Riding any traveling-amusement park ride, you know the kind, they set up in the mall parking lot and are gone before anyone can sue them for negligent homicide.
Participating in a ropes course, where the only thing between me and plunging to my death is the bolts holding the contraption together.
Getting married at age 19 and having a baby by 21. Maybe that never would have killed me, per se, but the older I get, the younger 19 is.

If you need a further example of people at the very top of the curve, who are smart enough to be in college but not smart enough to avoid a sport called "pond-skimming," check out this video:

Yes, that's my brother Tim, who in all respects is a very intelligent person.
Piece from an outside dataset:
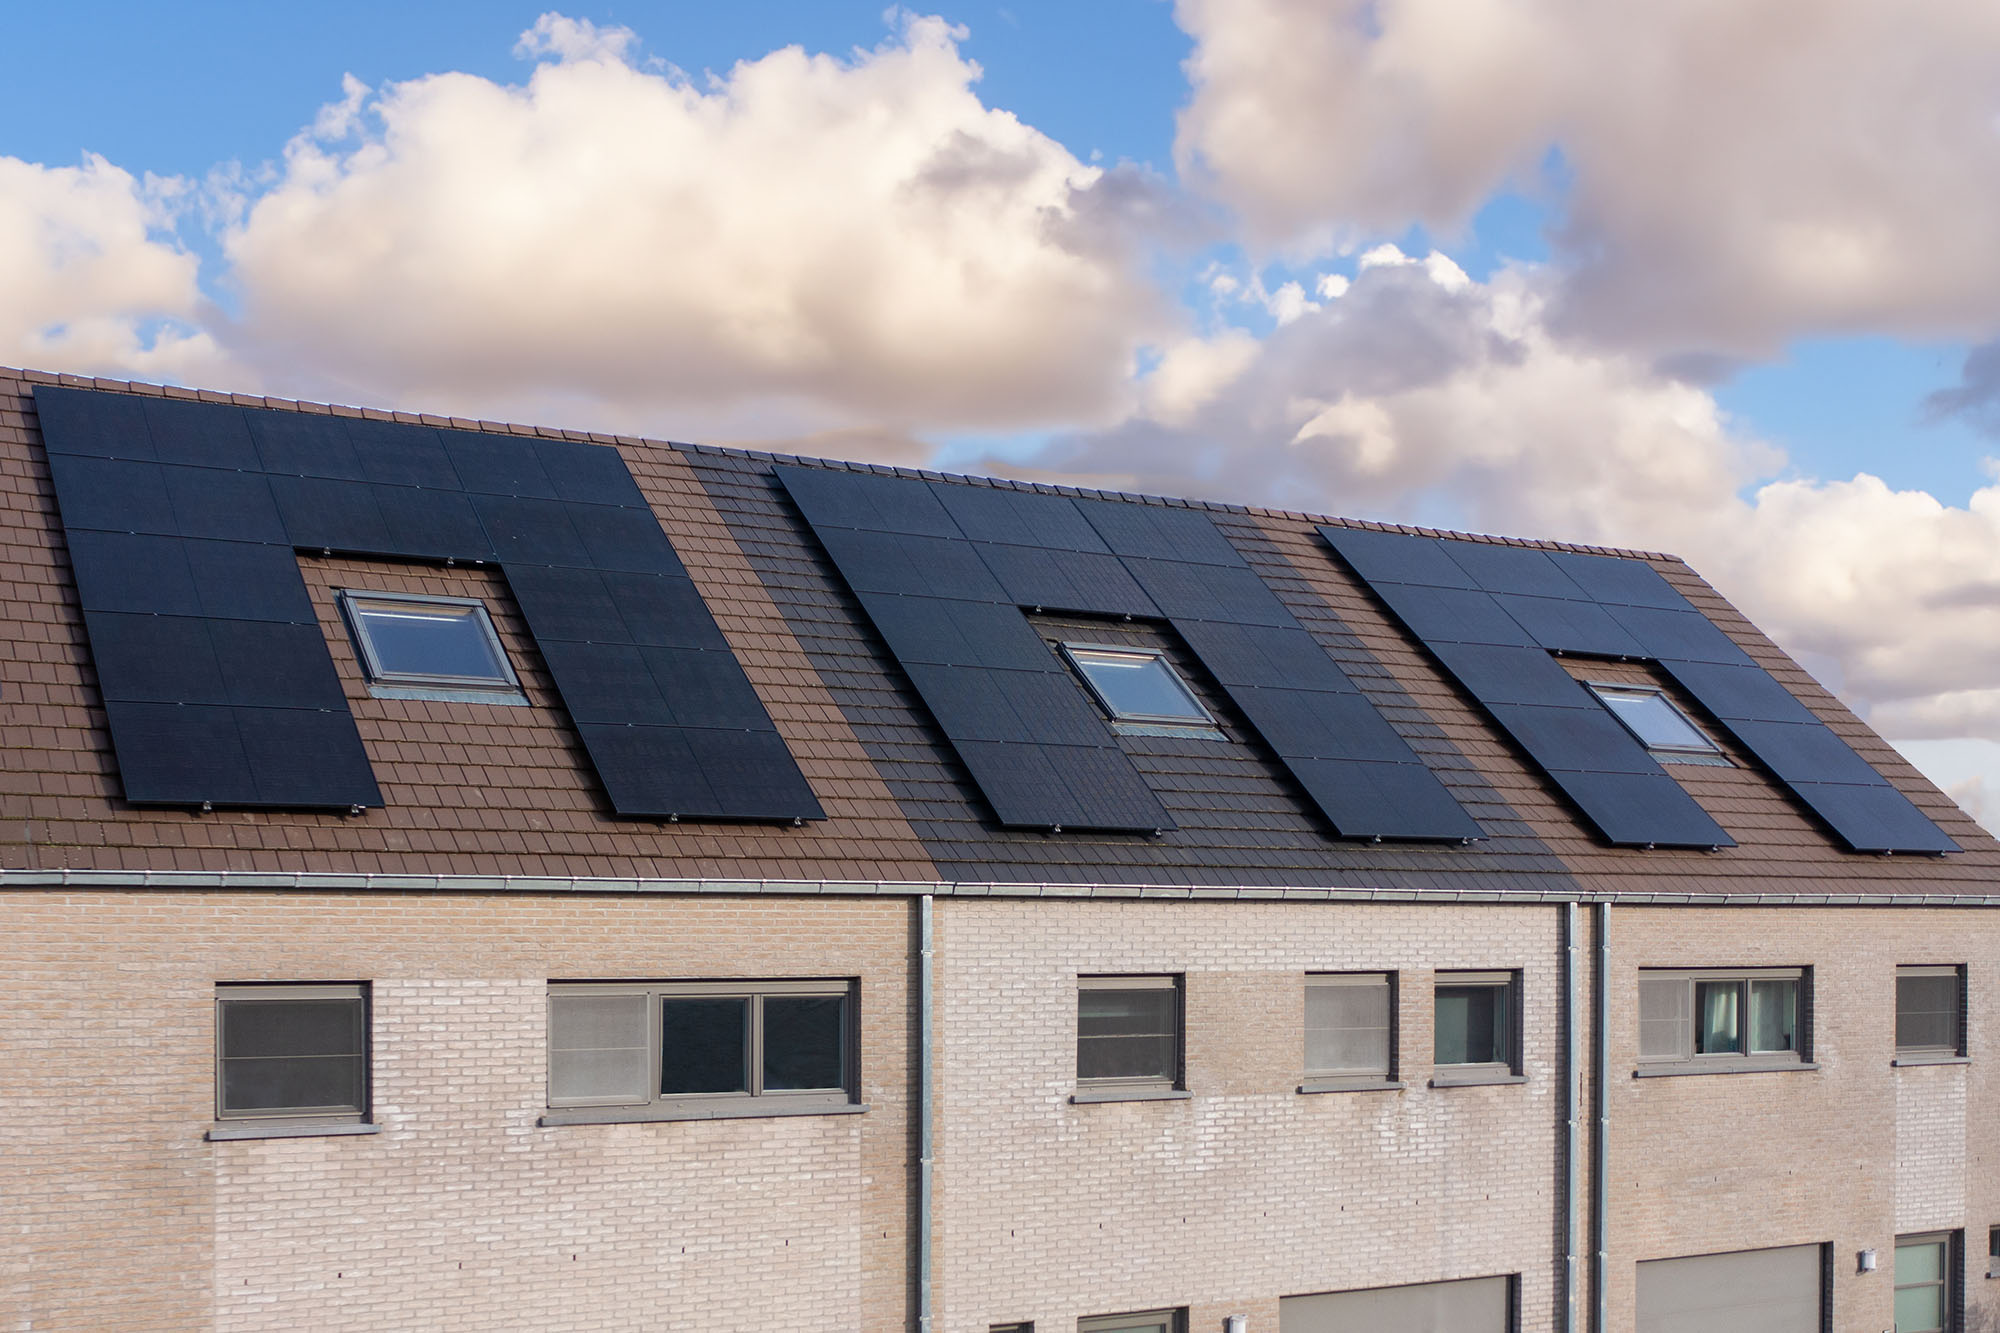 Drie rijwoningen waarvan de daken bekleed zijn met zonnepanelen geplaatst door Solar Engineering

I think he's at the very top of the curve right now, and this might have been just the incident that causes him to think very carefully about the potentially life-threatening college activities he chooses to participate in. Our mom has already forbidden him to do anything else that requires signing a waiver.

I think my intelligence has gotten me to the point where I can forsee consequences fairly well, and am substantially safer because of it. I don't speed much, I rotate my tires, I own a carbon monoxide detector, I don't eat raw cookie dough. I wash my hands frequently. I eat my steaks medium-well. This all probably makes me a very dull person, but it also makes me a dull person with a potentially long life span. A long boring life is better than a short, go-out-in-a-blaze-of-glory life, in my opinion.
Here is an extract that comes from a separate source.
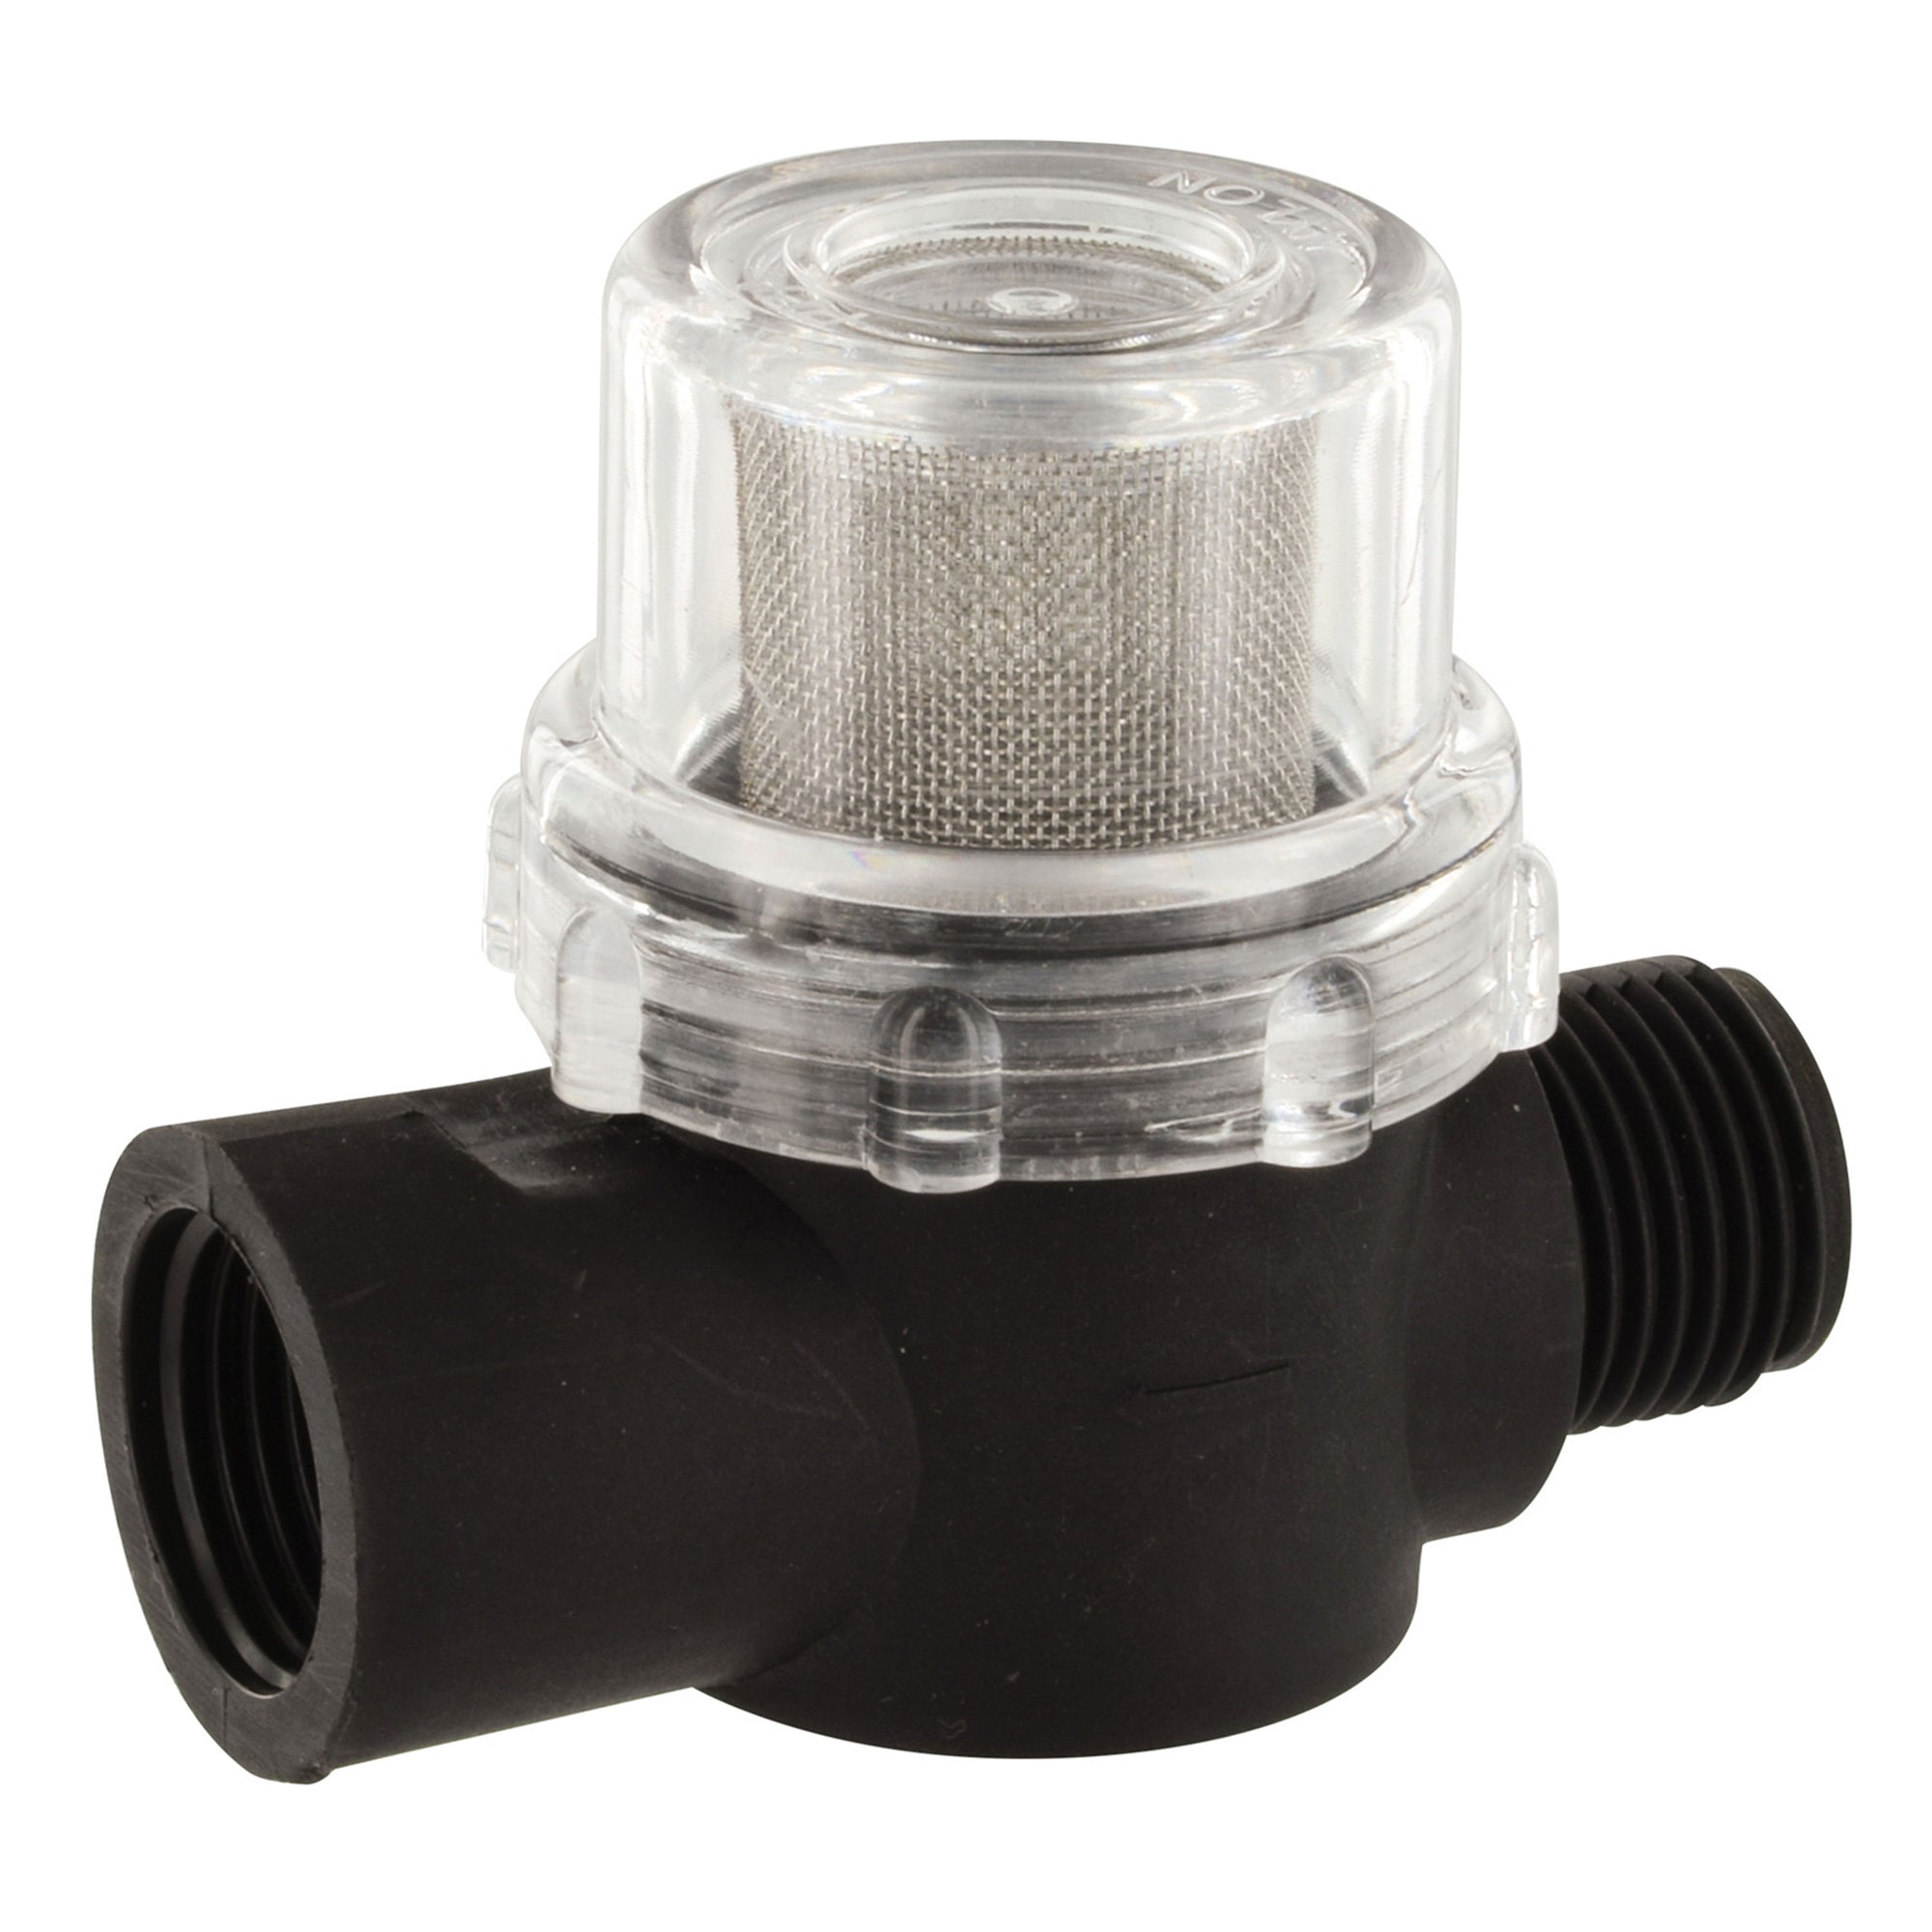 Valterra P25206VP Inline Filter for HydroMax Freshwater Pump

As I see it, my job is to keep my kids safe long enough for them to learn how dangerous life is. They really are incapable of seeing what's going to happen if they jump off the top of the swingset or ride down our street in a wagon with no braking mechanism. It makes parenting a job requiring constant vigilance and a lot of very high places to hide things. Now, if you'll excuse me, Darcey's been quiet for far too long. That can only mean trouble.


rachel said...

That was great, Emily. See, you definitely have a gift for this. I can't believe that was really Tim on the video. Wow.
Oh, and I still eat raw cookie dough - I just can't help it. you know me - just living on the edge. :)
I really like the comparison of the drawer to congress and the stimulus bill.

Drake Steel said...

Interestingly enough I wanted to do a newsletter article on all the times I and other old people almost got ourselves killed. I was talking with 2 other guys of our age about this concept and the look on their face was sheer horror. After questioning why they reacted, they both looked at me if I was clueless. The problem was that not only had there been many incidents that could have killed them but they can't let on to the kids just how breathtakingly stupid things they'd done.